Egyptian investment bank EFG-Hermes estimates that the total population of the UAE — of which more than 80 percent is comprised of expatriates — will contract by 5.5 percent by the end of this year, propelled by Dubai which is forecasted to lose 17 percent of its inhabitants. While the well-endowed government saves its economy through multi-billion dollar bond issuances, setting up emergency funding facilities and pumping numerous liquidity injections into the banking sector, bankers can take a big sigh of relief, but not for long. Indeed, the deep-pocketed sovereign is propping up the country’s banking system — addressing major issues such as tightened liquidity conditions and toughening up their risk management strategies. But with the ailing real estate market and soaring job cuts, banks have more to worry about than just increasing their cash flow.
In order to efficiently manage the effects of the financial crisis, the UAE sovereign entities are aiding the banking sector to positively, and briskly, move forward. With liquidity conditions finally looking up, analysts say the UAE economy — including its banking sector — is on the mend. As the world faces an indefinite period of recession and recovery, many investors are looking for safe havens to secure financial opportunities. Once the real estate sector hits rock bottom, the UAE hopes individuals and investors alike will flock back to the country, allowing Dubai to continue its reign as the region’s top trading and business hub.

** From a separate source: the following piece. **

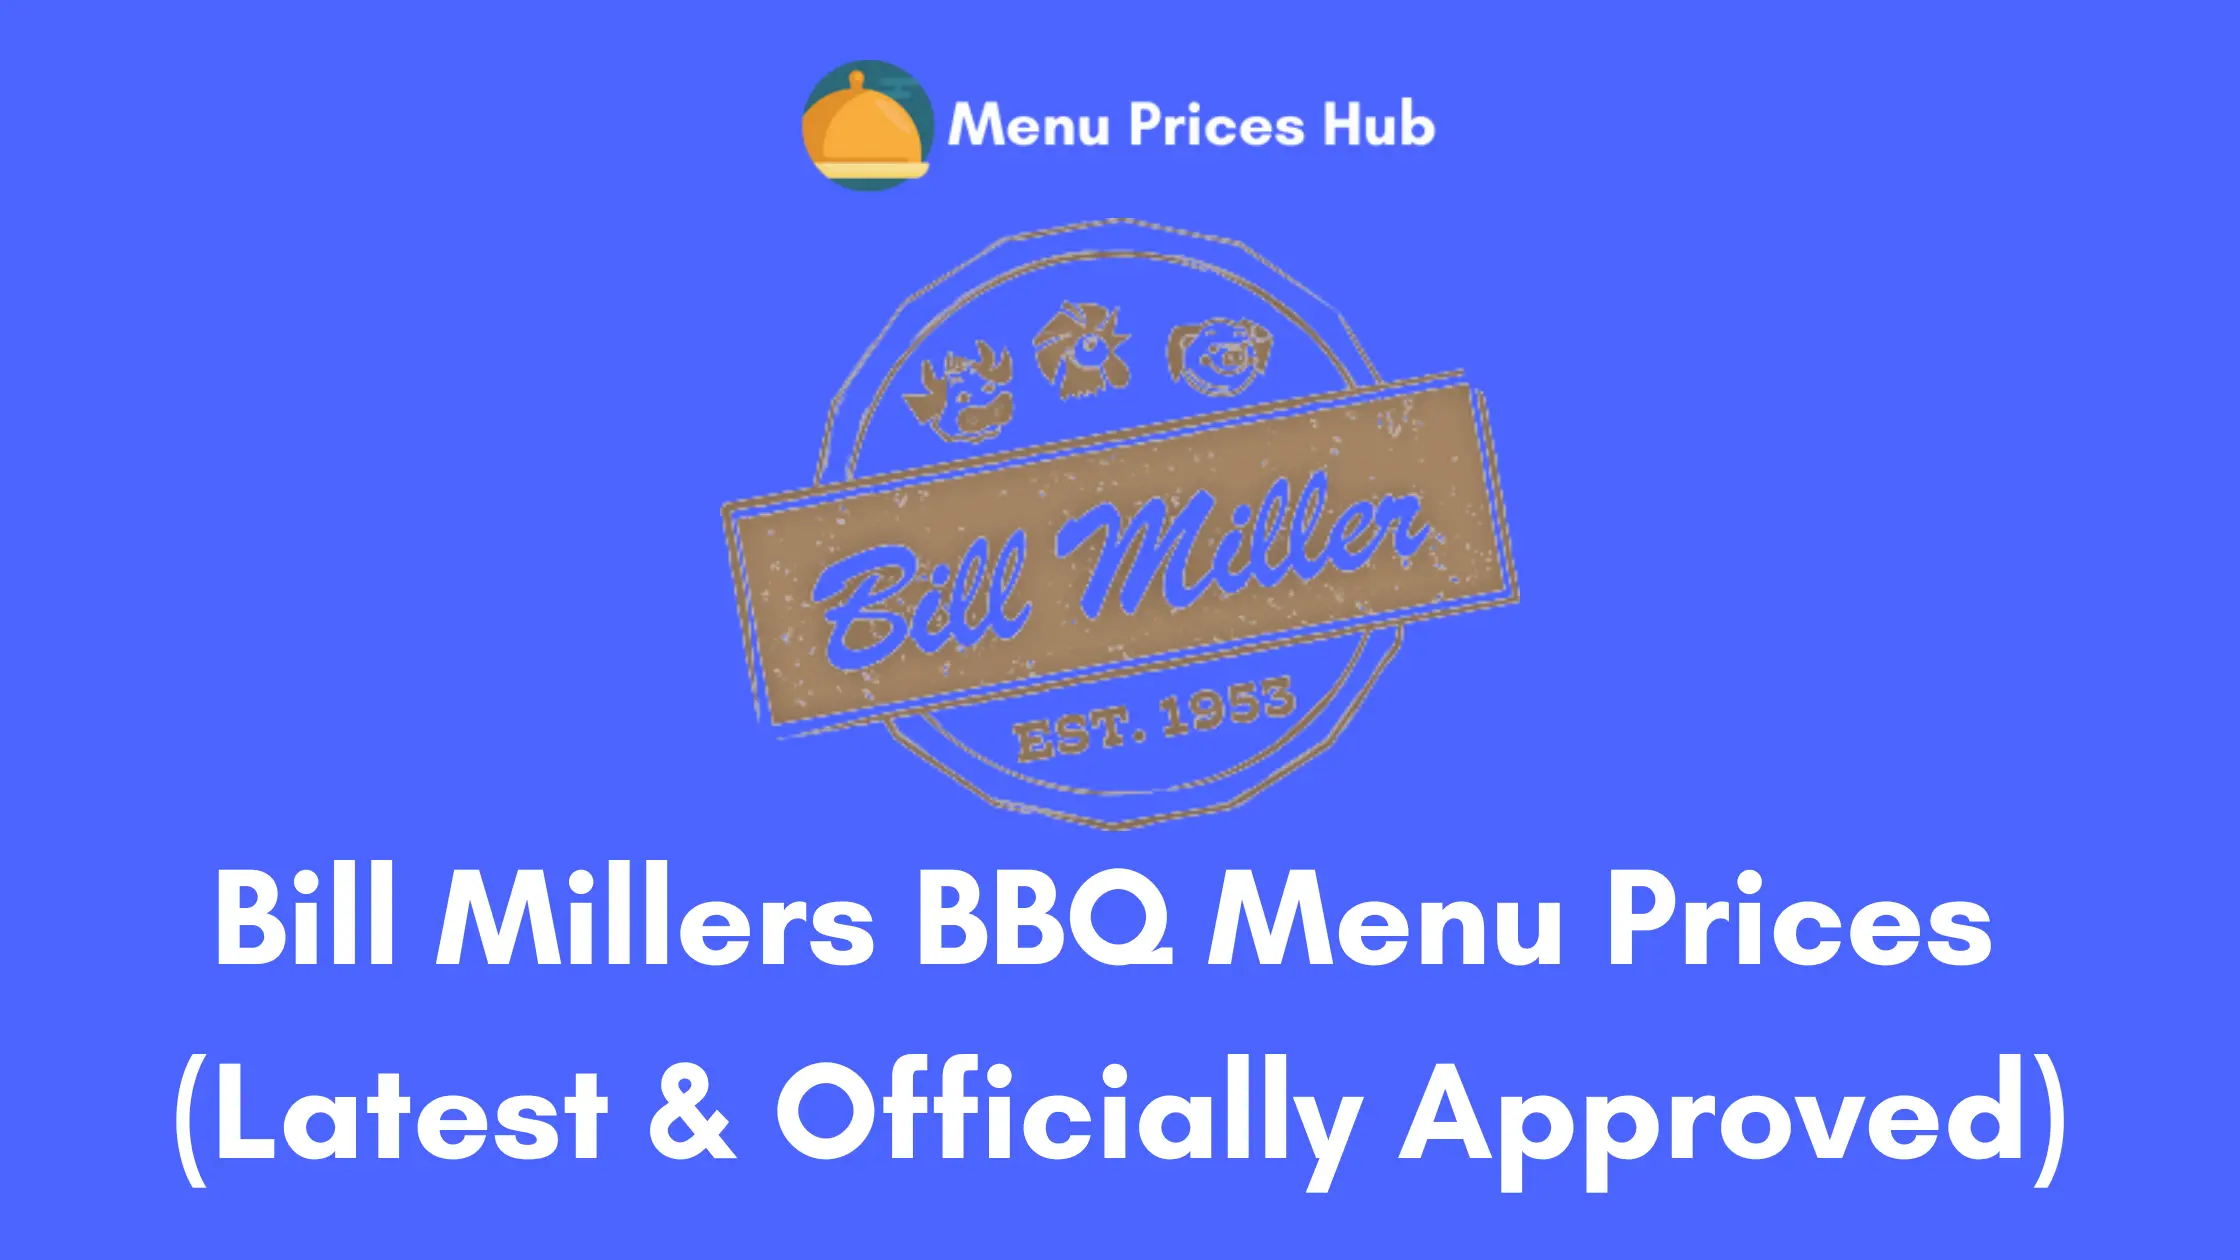 Bill Millers BBQ Menu Prices
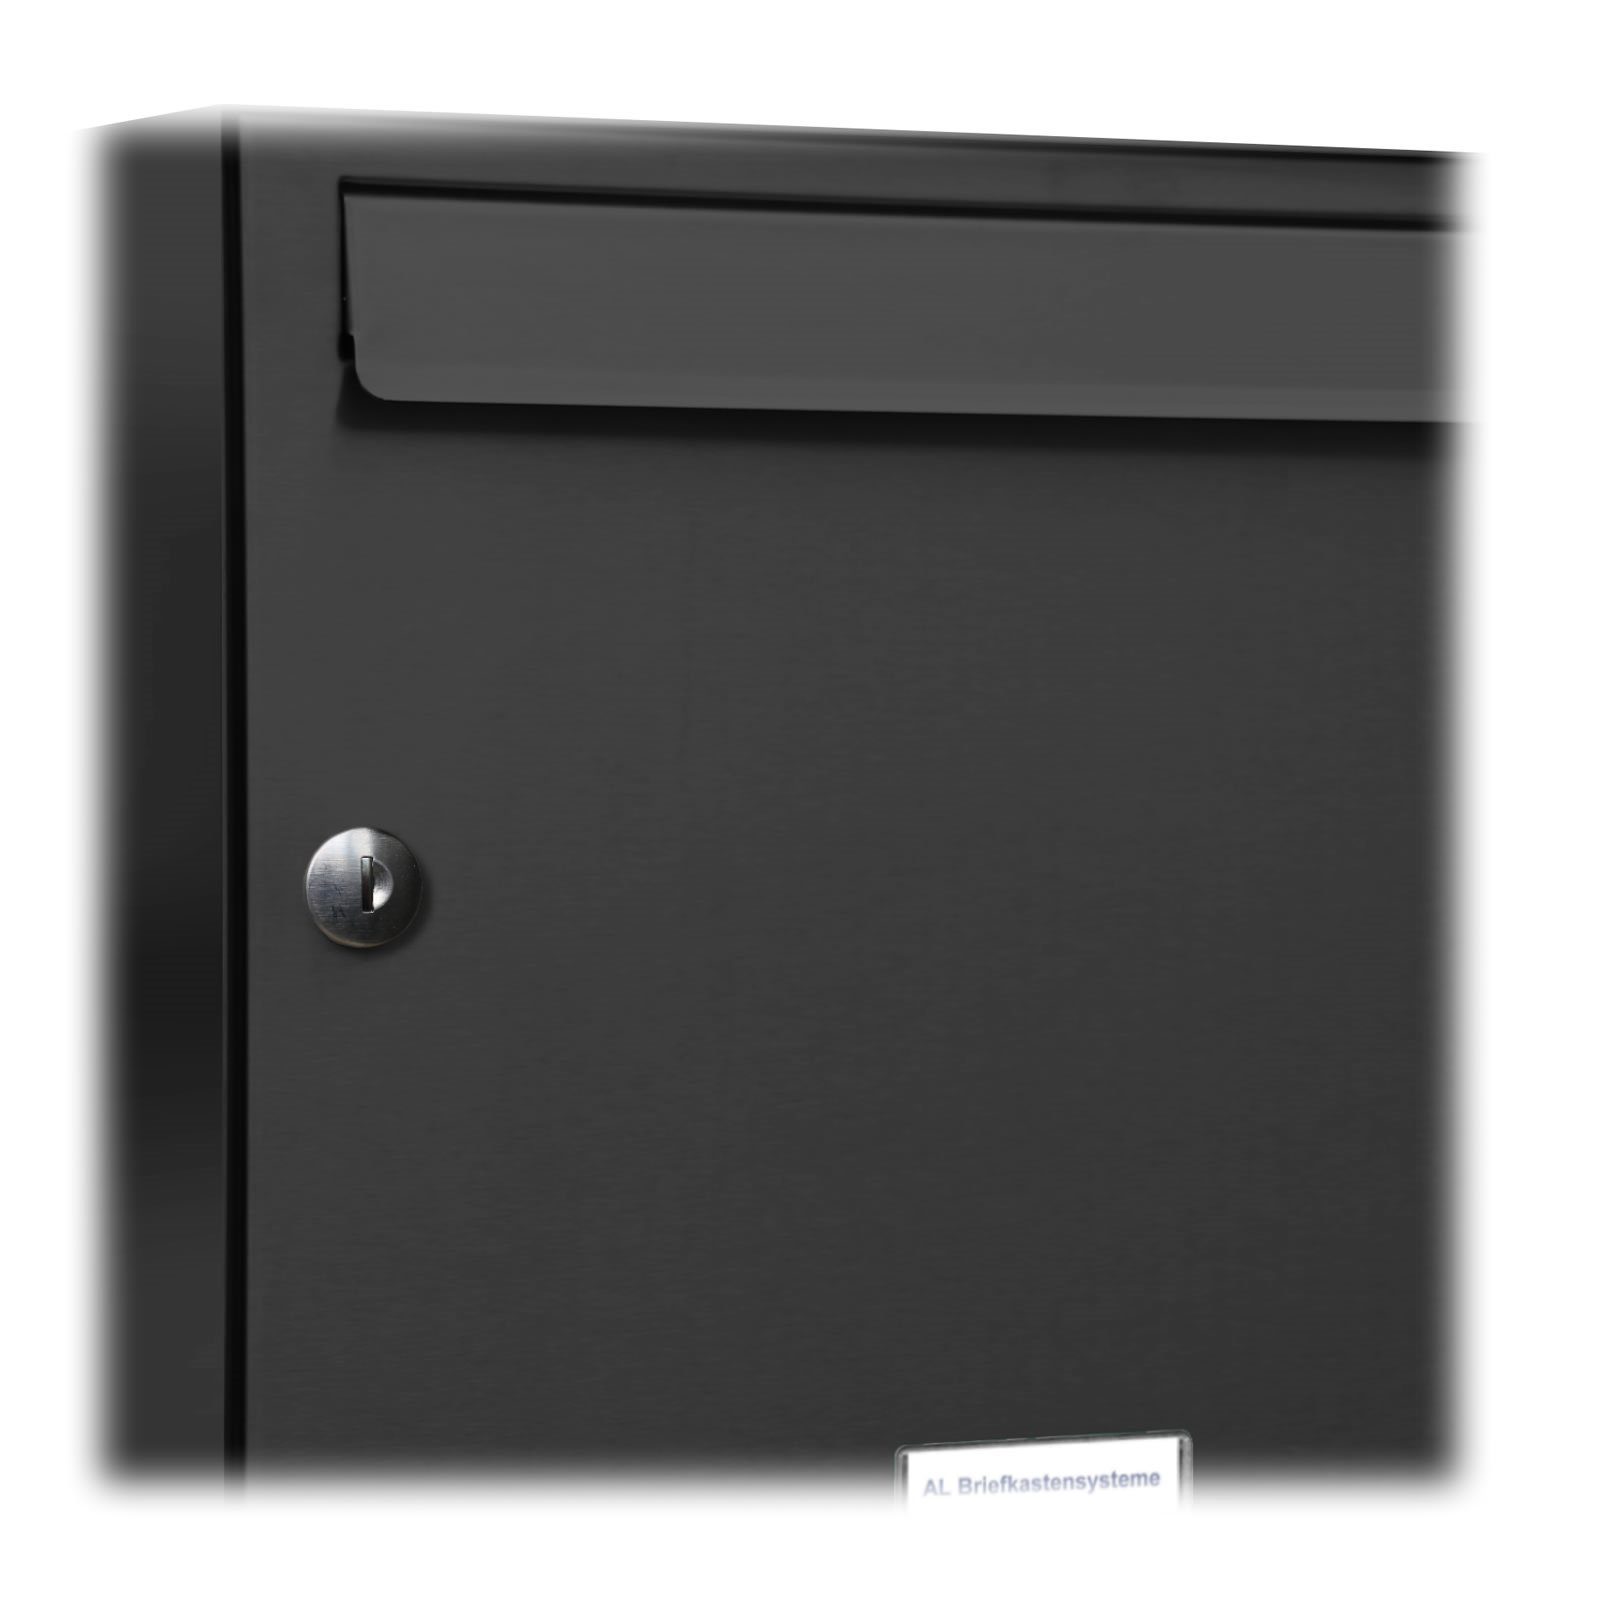 RAL Premium 6x3 7016 für Wandbriefkasten 18er Anthrazit Außen Farbe Briefkastensysteme Wand AL Briefkasten

With its affluent, robust government standing behind it, the UAE banking sector is well positioned to fight the crisis head on. Unfortunately, the ongoing property crisis has taken its toll on banks’ profitability and swollen their portfolios. The government has tried to jump-start recovery through various cash injections and recapitalizations, and there are hints of mergers and acquisitions among the UAE’s 52 banks. Bankers are hoping that this year will be less tumultuous than the last, aiming for conservative risk management policies and overall cautious moves.
Sheltered from on top
With the largest debt in the Gulf, the UAE’s only hope is through its sovereign entities, like Dubai Inc. Dubai Inc. is a collection of government-owned companies with an estimated $80 billion in short-term debt to date, a significant increase from the $60 billion debt it had in November of last year.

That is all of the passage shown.